There are a myriad of issues where domestic and foreign laws may not perfectly align, necessitating a choice of law determination and the application of foreign law in addition to (or in lieu of) domestic law where appropriate. Such issues include the priority conferred to employees or trade creditors, the applicability of set-off, the avoidance of preferences, the validity of third-party releases, and the preservation or termination of contracts and licences.

For a jurisdiction to be an effective nodal jurisdiction, it is crucial that it be equipped to give proper consideration and due regard to potentially applicable foreign laws, rather than applying a parochial attitude in applying its own laws to the exclusion of others.

The regard for foreign laws finds its greatest expression in the concept of “synthetic proceedings” –proceedings of a domestic court applying the foreign law of another jurisdiction in order to create an effect which would have been achieved had insolvency proceedings been commenced in that foreign jurisdiction. The Honourable Justice Kannan Ramesh has observed that synthetic proceedings can be used to facilitate an efficient, effective and cohesive restructuring process by centralising the resolution of key issues within a single proceeding, thereby reducing the prospect of inconsistent outcomes.

How the SICC enhances Singapore’s ability to function as a nodal jurisdiction

With the flattening of the globe and corporate groups increasingly having operations across jurisdictions, conflicts between applicable laws will likely become more pronounced in future restructuring and insolvency proceedings.

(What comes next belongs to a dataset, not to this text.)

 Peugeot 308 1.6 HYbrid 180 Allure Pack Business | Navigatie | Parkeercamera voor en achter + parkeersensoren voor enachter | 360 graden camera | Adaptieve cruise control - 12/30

This gives rise to a concomitant need to resolve such conflicts efficiently and fairly, including through the adoption of synthetic proceedings.

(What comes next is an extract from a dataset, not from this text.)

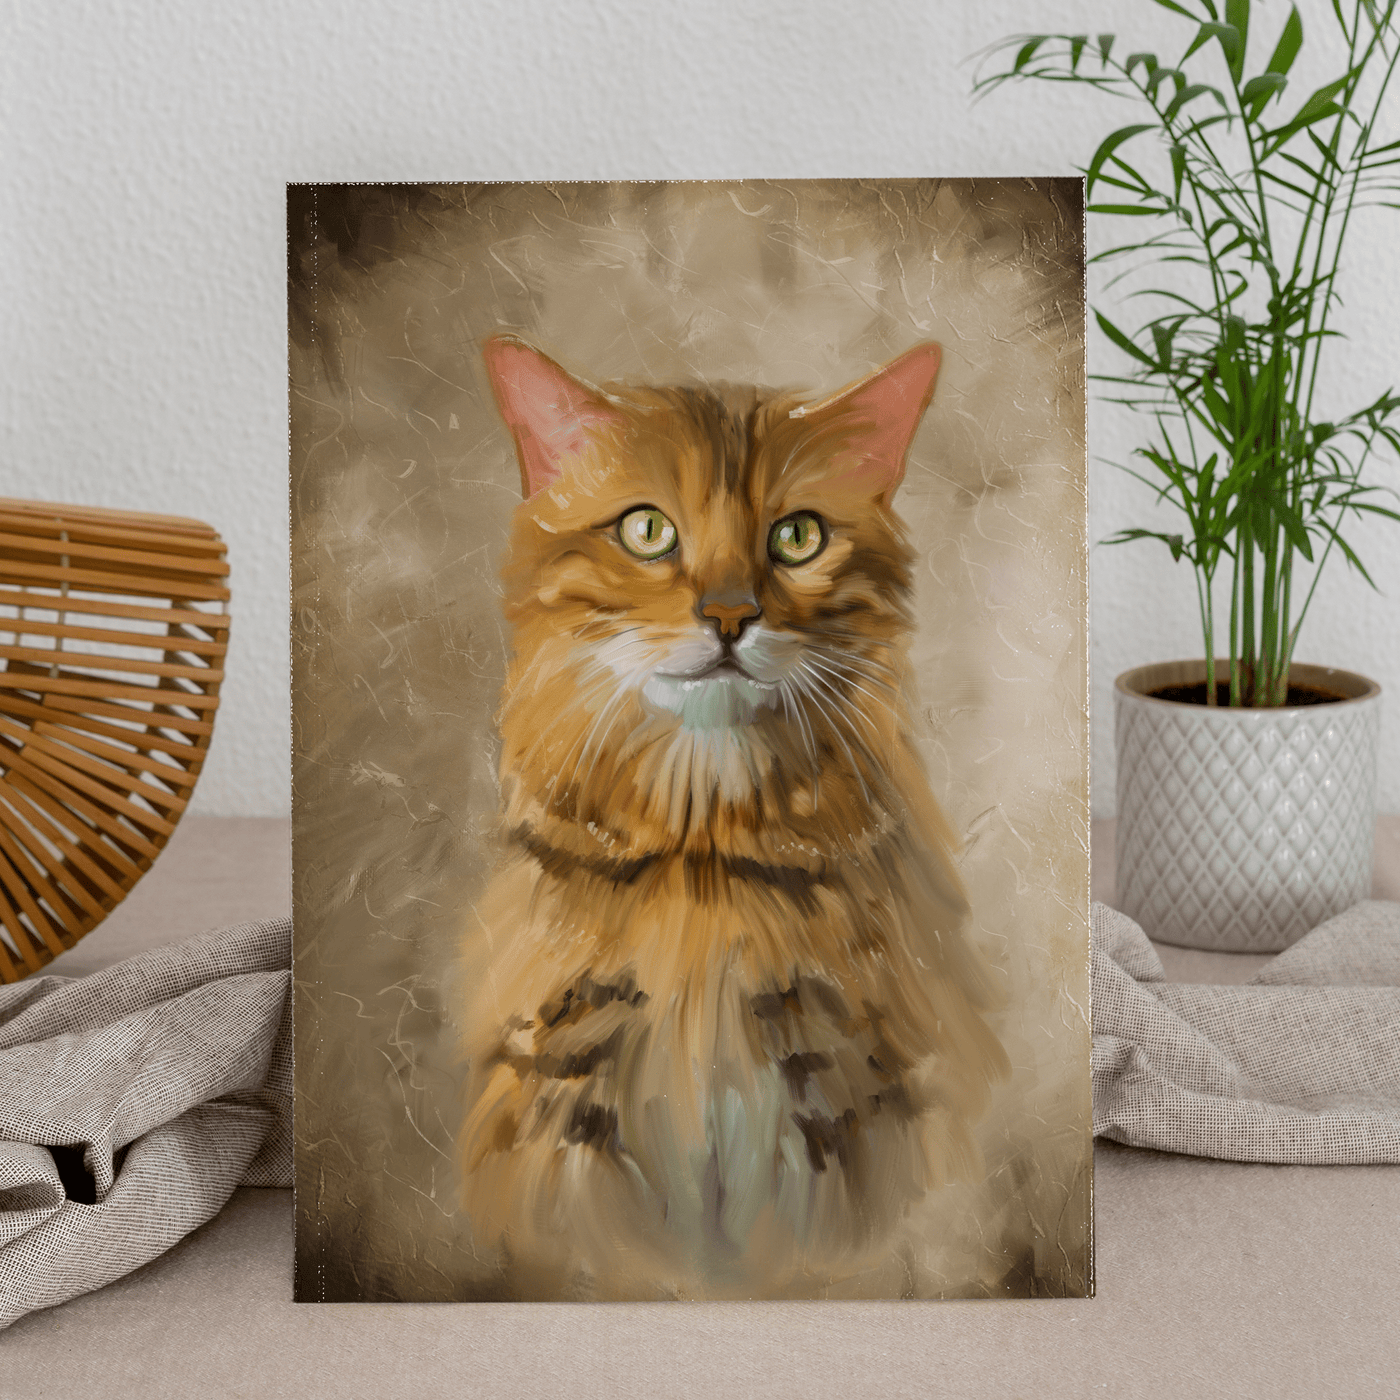 pastel pet portraits of an adorable cat

The SICC, with its deep bench of renowned international judges, is well positioned to be a platform for conducting synthetic proceedings for the resolution of foreign law issues in restructuring and insolvency matters. It is not merely that the SICC’s international judges have an extensive understanding and knowledge of the law of their home jurisdictions, but they also have the insight into the conditions, circumstances, and context of the law which informs the interpretation of the law in the penumbra of cases. 

Further, the SICC permits foreign lawyers to represent parties and to make direct submissions on foreign law issues in certain circumstances, thereby allowing them to assist the international judges in the resolution of legal disputes in a manner that is likely to be more effective and expeditious than through an ordinary expert evidence procedure. This could enable a deeper and more attuned examination of issues of foreign law than would otherwise be possible.


Leveraging on the expertise of international judges of the SICC would improve the likelihood of orders made through synthetic proceedings being recognised and given effect in the relevant foreign jurisdictions. This would build on the already strong position that Singapore holds as a centre for restructuring. It would also further strengthen the ability to effect cross-border restructurings using a selected nodal jurisdiction, as recently seen in the restructurings of Prosafe SE (which received recognition of its Singapore moratorium and scheme in Brazil) and PT Pan Brothers Tbk (which received recognition of its Singapore moratorium in Indonesia and the recognition of its Singapore scheme in the US).